GM became a PLM champion when it started to clean shop in the mid-1990s. Product designs and related data were then stored on 1,500 different servers, says Burkett. Just consolidating that army of computers has saved millions in annual maintenance costs. In addition, GM launched a sweeping program to standardize its CAD and PDM tools so designs could flit instantly and flawlessly among computers. As GM brought in PLM software and insisted its suppliers follow suit, its product-cycle times steadily shrunk, from 44 months to the current 18 months.
PLM is also curbing the plague of engineering change orders. Such changes have been an eternal curse on factories everywhere. Detroit still handles some 300,000 orders of this sort each year, at an average cost of $50,000 each. And that can get multiplied tenfold if time and money must also be spent to revise the so-called jigs and fixtures that hold parts in machine tools or on assembly lines. "The PLM agenda," says Eric Sterling, a UGS vice-president, "is to make sure it's right the first time, before you build anything."
Right-the-first-time designs: It's the mantra of both analysts and new PLM converts. "Getting the design right produces numerous benefits," says Oliver Masefield, vice-president for engineering at Eclipse Aviation Corp. The Albuquerque startup is developing a small twin-jet plane -- and leaning on a full-blown PLM suite to coordinate with suppliers in Japan, China, and Britain that will build the wings, nose section, and fuselage. Eclipse's supply chain will be guided by virtually perfect digital prototypes. "We model everything down to the minutest detail," Masefield says, "including each and every rivet."

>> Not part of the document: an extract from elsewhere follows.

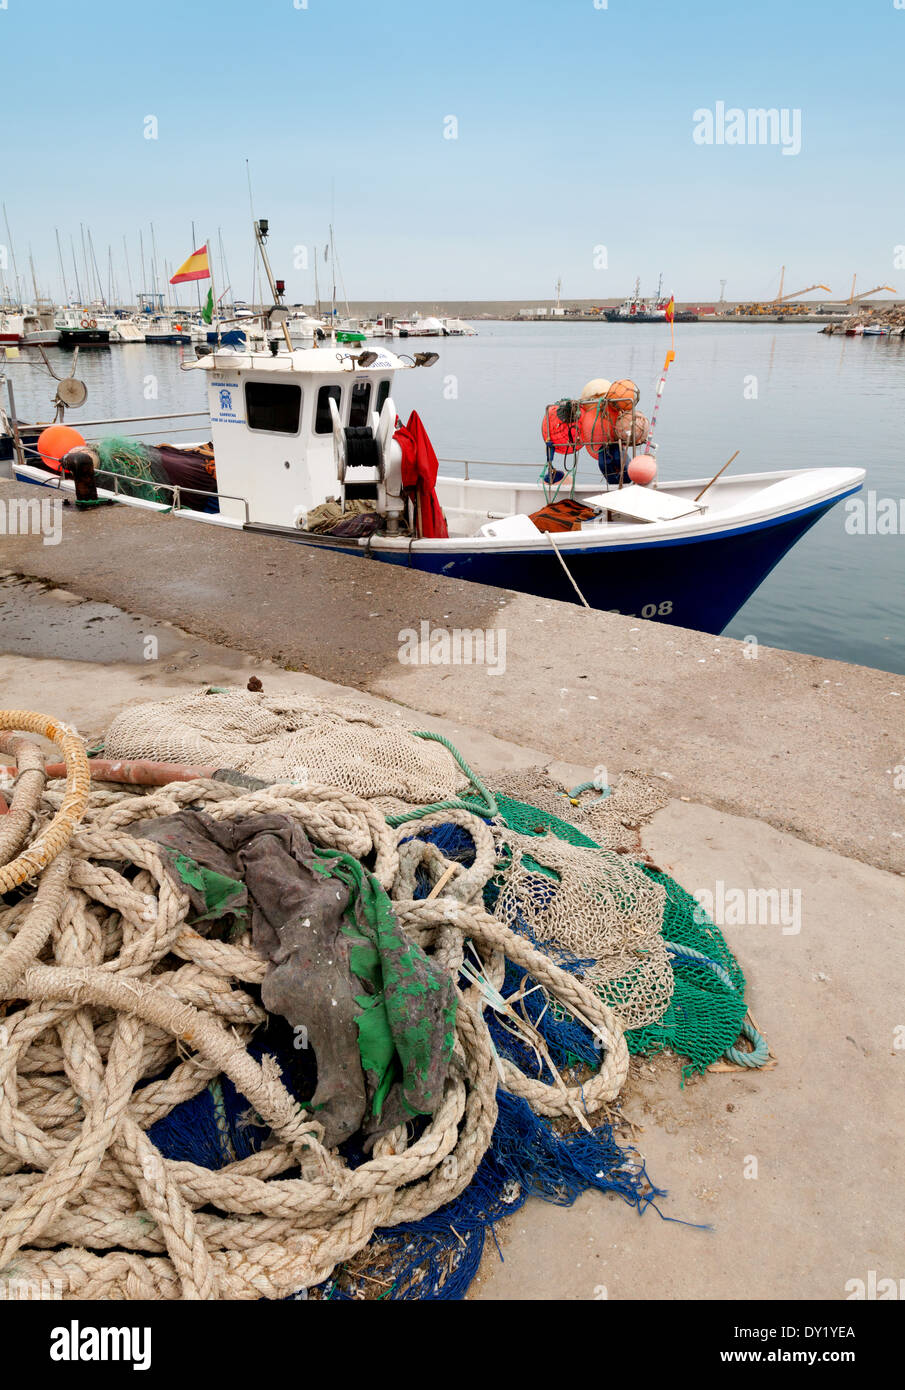 A fishing boat and nets in the port, the town of Garrucha on the mediterranean sea coast, Almeria Andalusia Spain Europe Stock Photo

VIDEO: Digital prototype of landing gear from Israel Aircraft Industries' Galaxy aircraft created using UGS PLM Solutions' NX design software, validates that the system functions properly and can sustain the plane's simulated weight.
Source: UGS PLM Solutions
Engineering-analysis tools that plug into CAD systems can now create digital prototypes so functionally realistic that Floyd Rose, head of Floyd Rose Guitar Co. in Redmond, Wash., didn't bother to build a physical prototype of an electric guitar he unveiled in 2001. He just used his Catia-created model to begin production -- and moved up the launch date by several months.
In fact, when CAD equipment is linked to PLM's oversight capabilities, the system can become smart enough to suggest its own designs, which engineers then tweak. That's how Delta Marin, a marine-engineering company in Turku, Finland, developed a new bridge for big container ships. Designers fed into the computer the maritime regulations for visibility over and around the containers stacked on deck so captains can see a safe distance ahead of the ship, and the CAE system calculated what was permissible.
Such capabilities "are going to make a huge difference," says Paul G.P. Hoogenboom, CIO at RPM International Inc., a Medina (Ohio) chemicals company with subsidiaries in 17 countries. It markets Rust-Oleum paint and other products that also must meet many regulatory requirements. "With PLM, compliance is built into the workflow," he says. "The system won't allow you to create a formulation with a material" that isn't approved.
PLM towers over previous efforts to integrate product development, says AMR's Burkett. When other enterprise-software juggernauts came to market a decade or more ago, he notes, "the type of thought processes that now dominate manufacturing [in this online age] didn't even exist." The Internet changed mind sets -- and PLM is fundamentally revamping the rules of product development to fit manufacturing's new global game.